The content of this blog is my personal opinion only. Although I am an employee - currently of Nvidia, in the past of other companies such as Iagination Technologies, MIPS, Intellectual Ventures, Intel, AMD, Motorola, and Gould - I reveal this only so that the reader may account for any possible bias I may have towards my employer's products. The statements I make here in no way represent my employer's position, nor am I authorized to speak on behalf of my employer. In fact, this posting may not even represent my personal opinion, since occasionally I play devil's advocate.

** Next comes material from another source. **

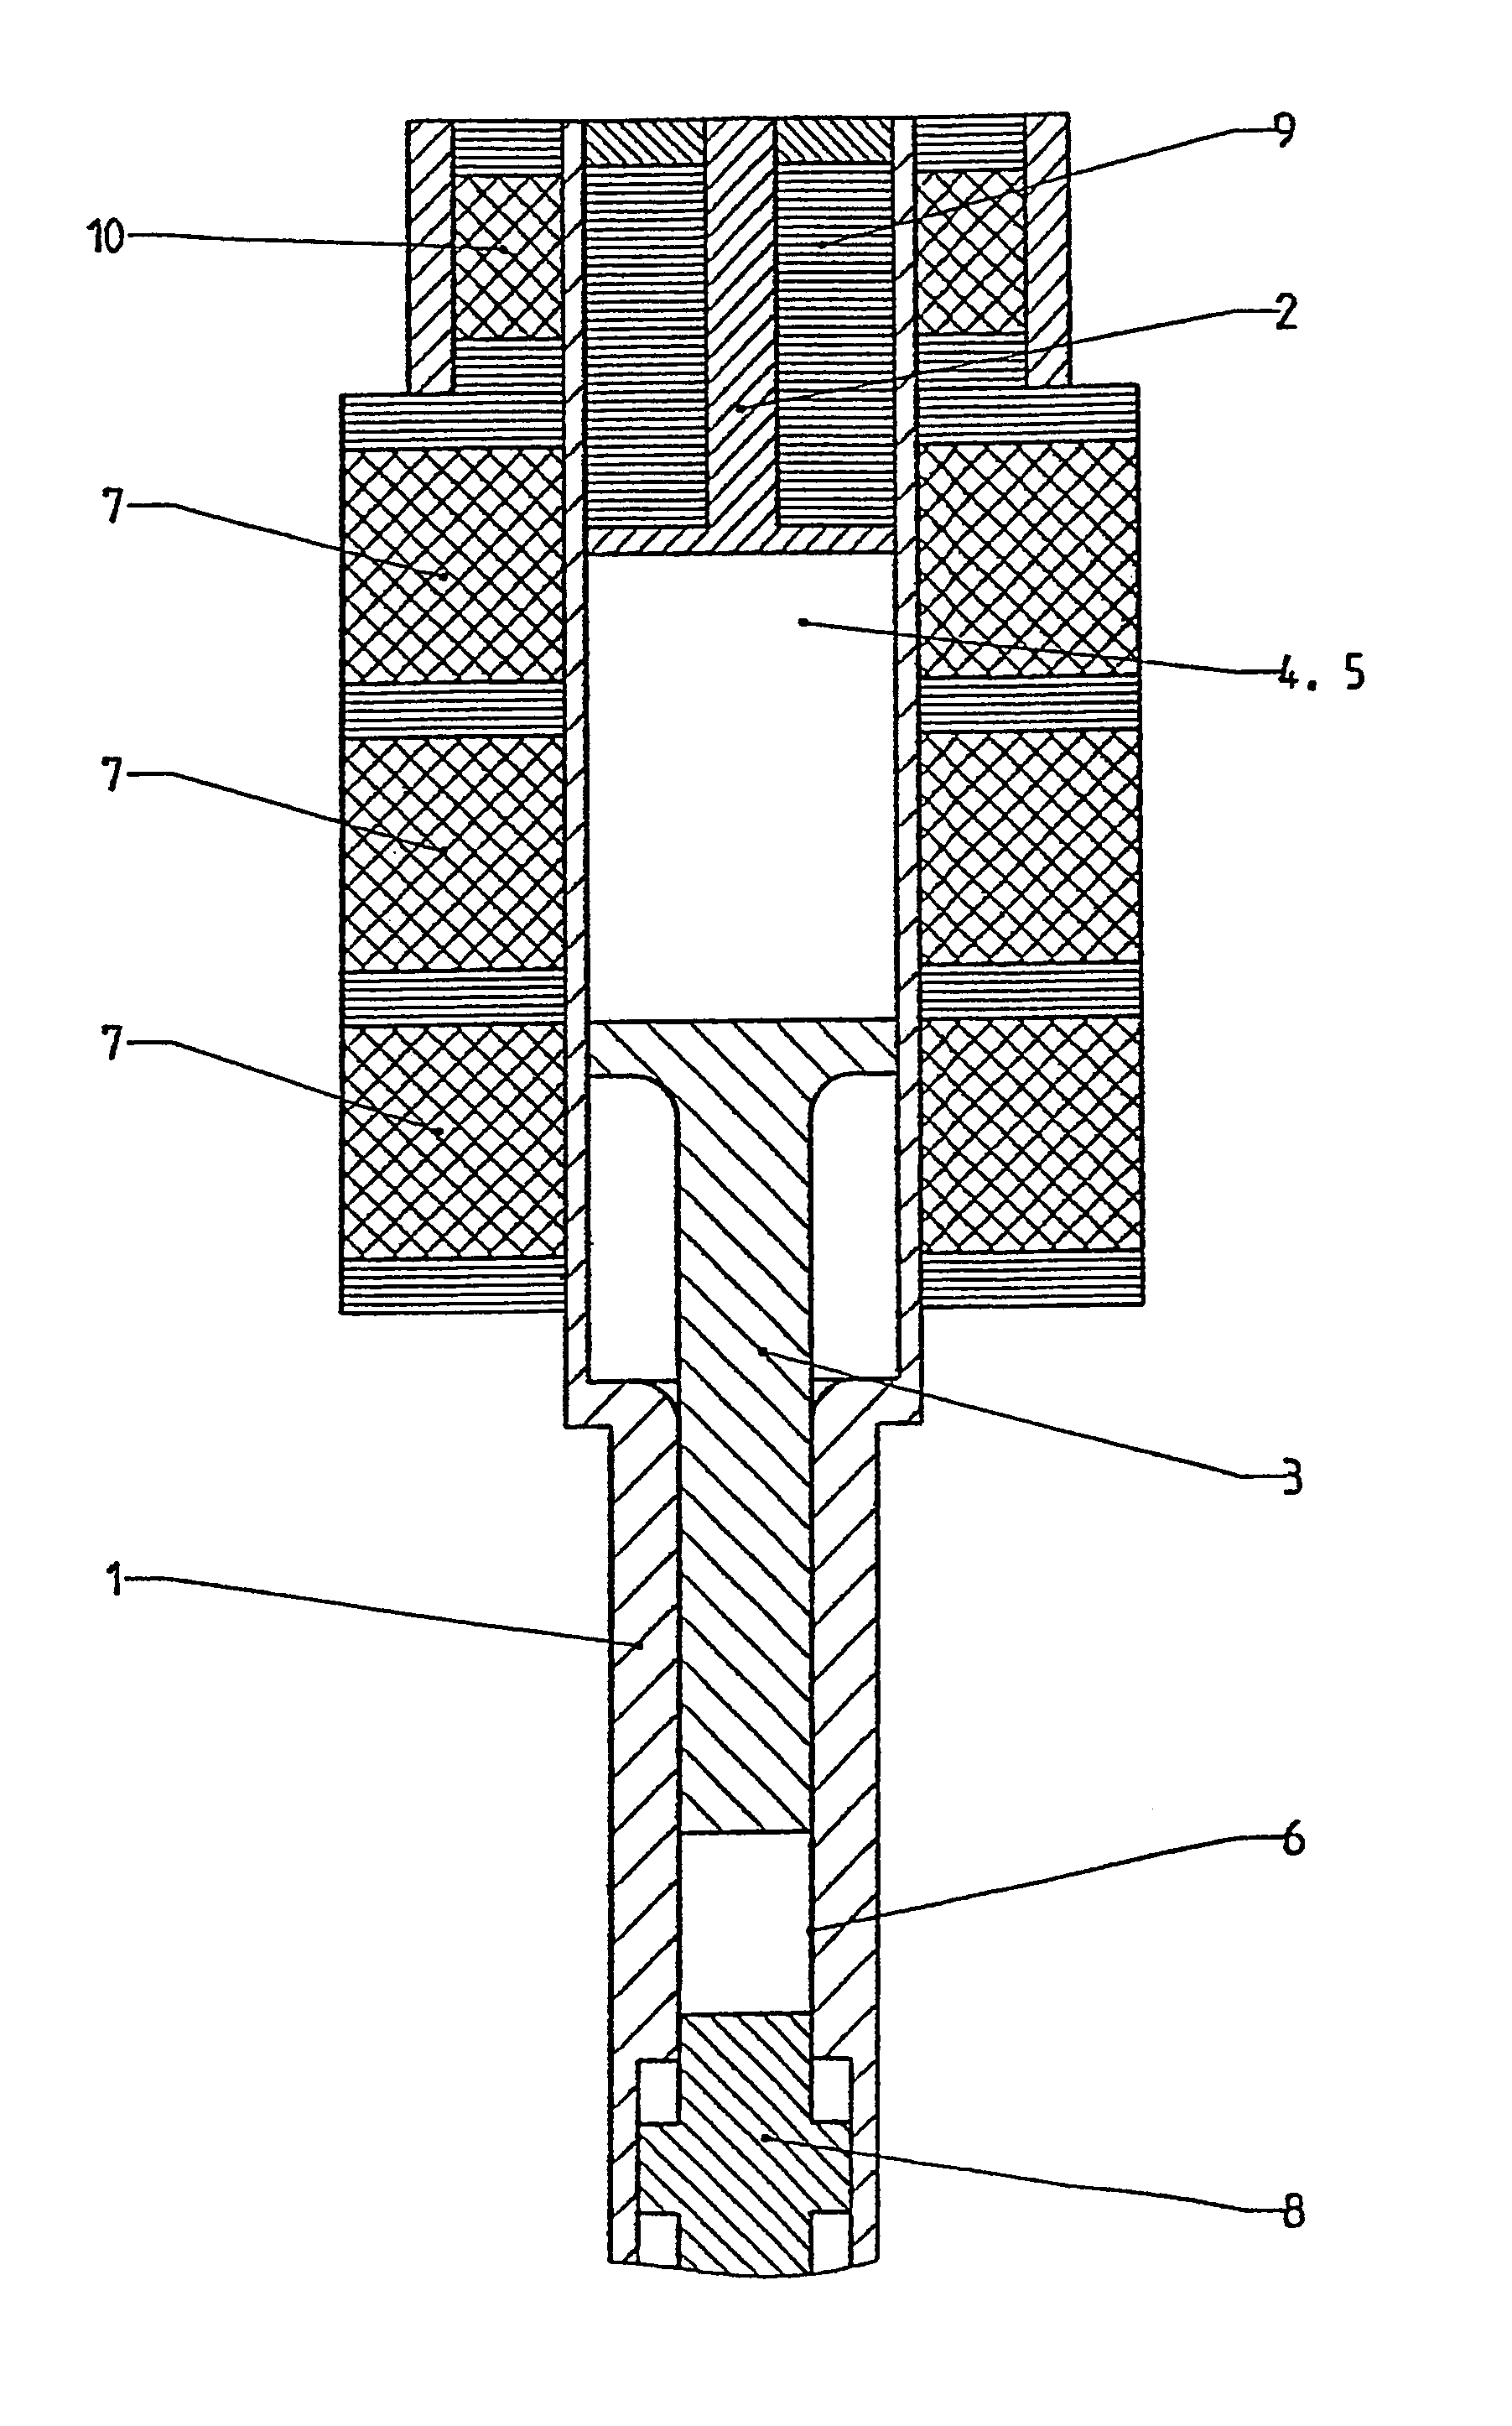 Pneumatic spring percussion mechanism with an electro-dynamically actuated driving piston

See http://docs.google.com/View?id=dcxddbtr_23cg5thdfj for photo credits.

Monday, May 18, 2009

git usage model - individual files, subdirs

My attempts o use git are running into usage model problems.

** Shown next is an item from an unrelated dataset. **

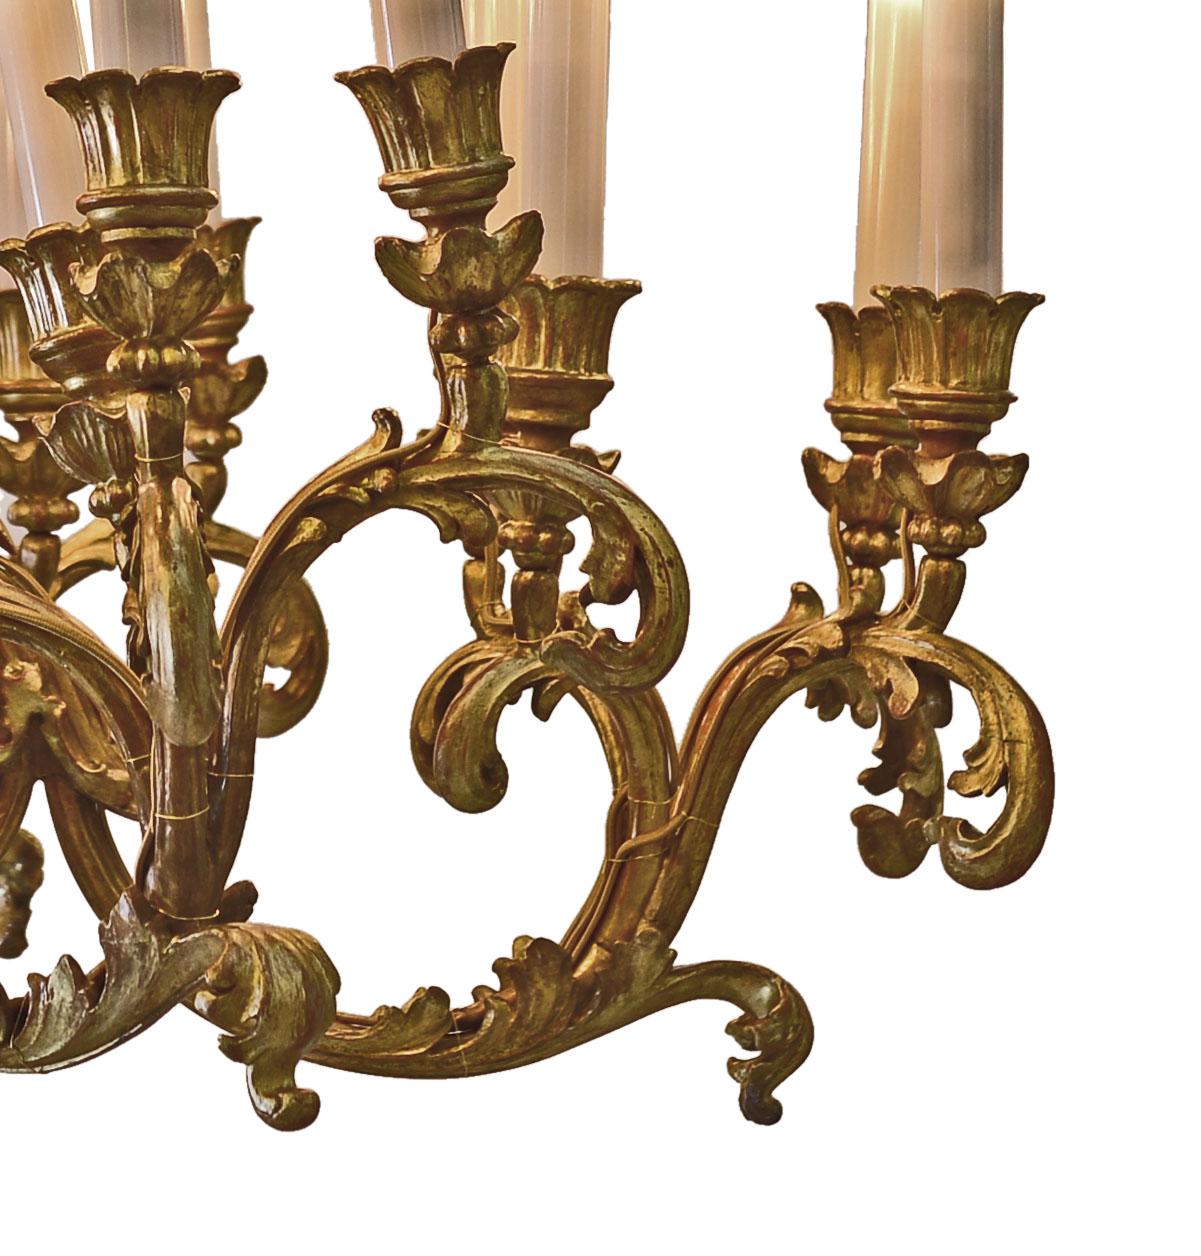 Hand-Crafted Original Rococo/Barock Chandelier, Limewood, 24 Flames, Perfectly Renovated For Sale

As mentioned before, I have checked two diverged CVS trees into different branches of the same git repository. I want to merge the branches - but not all at once. I want to merge on a file by file, directory by directory, subprobject by subproject, basis, testing as I go.

Unfortunately, apparently git-merge is all or nothing. It merges all of the files in a branch, but does not have the option of merging one at a time.

I.e. it does not seem to have the ability to do what in CVS might look like

cvs update -rbranch1
cvs update -jbranch2 foo.c
cvs ci

merging only foo.c

This is the rub. Git seems only capable of treating the entire repo, the entire branch, as an object, whereas I look on files, directories, etc. as potential subobjects.

I am falling back to checking out two different git repos for the branches, and merging "manually" by copying files from one to the other. But this sucks.


Mark Seaborn said...

Yep, that's the problem with Git's data model. As far as I know, all the decentralised SCMs have the same basic history-is-a-DAG model, so the same will apply to Bazaar. I'm not familiar with Mercurial, but I suspect it will apply there too.

The exception is Darcs, which has a set-of-patches model.

You could try merging a subdirectory without creating a merge commit ("git reset" before "git commit", I think). i.e. Create a commit with a single parent. Git won't track the fact that you did the merge (merge tracking is all-repository-or-nothing). When you have merged all the subdirectories, a proper full-repository Git merge will be trivial.

AndyGlew said...

Thanks for your comment and suggestion, Mark.

Q: how did you happen to come across my blog? Just curious. Googling for git?

I think that I am just going to merge onto one (or both) or my live branches, and tag when merged. Eventually, I hope to have merged everything... Problem with this approach is that it encourages subsequent spontaneous re-divergences, because it does not identify objects that should be shared between branches from the merge point on.

I suppose I could also create git submodules, which are really a form of shared object. But git submodules are not exactly lightweight or elegant. Almost as bad as CVS modules. That's another post.

Terminology: I do not think that the problem is "history is a DAG". The problem is that history is a DAG, where a node is a contour, i.e. a set of objects.

We could have history is a dag, where nodes are objects, individual files. Then you could draw a boundary around the set of nodes that comprise a version of the entire project. If you collapsed such a meta-node, you would have the current graph.